Pemeran
- Christine Hakim sebagai Tjoet Nja' Dhien
- Slamet Rahardjo sebagai Teuku Umar
- Pietrajaya Burnama sebagai Pang Laot
- Rita Zaharah sebagai Nya' Bantu
- Roy Karyadi sebagai Voorneman
- Ibrahim Kadir sebagai Penyair
- Rosihan Anwar sebagai Habib Meulaboh
- Rudy Wowor sebagai Veltman
- Muhamad Amin sebagai Teuku Leubeh
- Hendra Yanuarti sebagai Tjoet Gambang
- Kamaruzaman sebagai Agam kecil
- Huib "John" van den Hoek sebagai Van Heutz
- Fritz G. Schadt sebagai Vetter
- Herald Meyer sebagai saudagar
- Robert Syarif sebagai Verbrough
Sinopsis
Pendudukan Jepang ternyata tidak lebih baik dari Belanda. Jepang mulai melarang pengibaran bendera merah putih, melarang lagu Indonesia Raya dan memaksa masyarakat Indonesia buat melakukan Sekerei (menghormat kepada Matahari). KH Hasyim Asyari menjadi tokoh besar agamis saat itu menolak buat melakukan Sekerei karena beranggapan bahwa tindakan itu menyimpang dari aqidah kepercayaan Islam. Menolak karena sebagai umat Islam, hanya boleh menyembah kepada Allah SWT. Lantaran tindakannya yang berani itu, Jepang menangkap KH Hasyim Asyari.
KH Wahid Hasyim, keliru satu putra beliau mencari jalan diplomasi buat membebaskan KH Hasyim Asyari. Berbeda dengan Harun, galat satu santri KH Hasyim Asyari yang percaya cara kekerasanlah yang dapat menuntaskan perkara tersebut. Harun menghimpun kekuatan santri buat melakukan demo menuntut kebebasan KH Hasyim Asyari. Namun harun salah lantaran cara tersebut malah menambah korban berjatuhan.

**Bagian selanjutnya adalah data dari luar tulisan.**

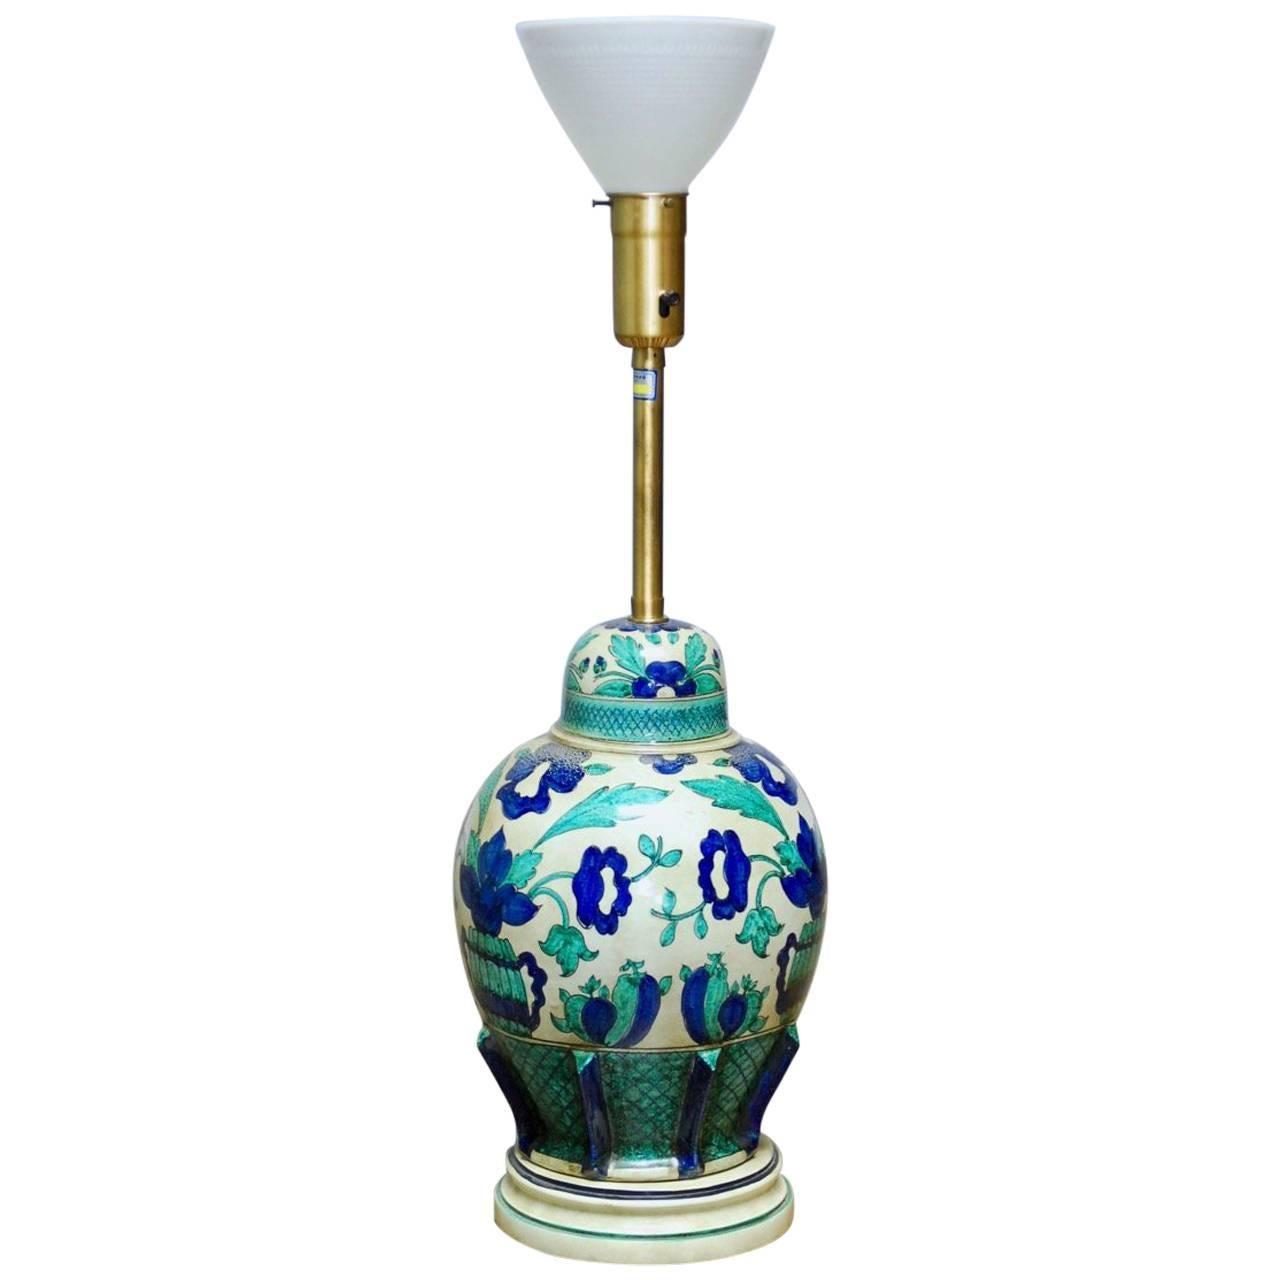 Italian Ceramic Faience Table Lamp by Marbro

Dengan cara damai KH Wahid Hasyim berhasil memenangkan diplomasi terhadap pihak Jepang dan KH Hasyim Asyari berhasil dibebaskan. Ternyata perjuangan melawan Jepang nir berakhir sampai disini. Jepang memaksa warga Indonesia buat melimpahkan hasil bumi. Jepang menggunakan Masyumi yang diketuai KH. Hasyim Asy'ari buat menggalakkan bercocok tanam. Bahkan seruan itu terselip pada ceramah sholat Jum'at. Ternyata output tanam masyarakat tersebut wajib disetor ke pihak Jepang. Padahal ketika itu masyarakat sedang mengalami krisis beras, bahkan lumbung pesantren pun nyaris kosong. Harun melihat kasus ini secara harfiah dan merasa bahwa KH. Hasyim Asy'ari mendukung Jepang, sampai dia tetapkan buat pergi berdasarkan pesantren.
Jepang kalah perang, Sekutu mulai tiba. Soekarno sebagai presiden saat itu mengirim utusannya ke Tebuireng buat meminta KH Hasyim Asyari membantu mempertahankan kemerdekaan. KH Hasyim Asyari menjawab permintaan Soekarno dengan mengeluarkan Resolusi Jihad yang kemudian membuat barisan santri dan masa penduduk Surabaya berduyun duyun tanpa rasa takut melawan sekutu pada Surabaya. Gema resolusi jihad yg didukung sang semangat spiritual keagamaan membuat Indonesia berani meninggal.
Di Jombang, Sarinah membantu barisan santri wanita merawat korban perang dan mempersiapkan ransum. Barisan laskar santri pergi pada beberapa truk ke Tebuireng. KH Hasyim Asyari menyambut kedatangan santri- santrinya yg gagah berani, namun air mata mengambang di matanya yg nanar.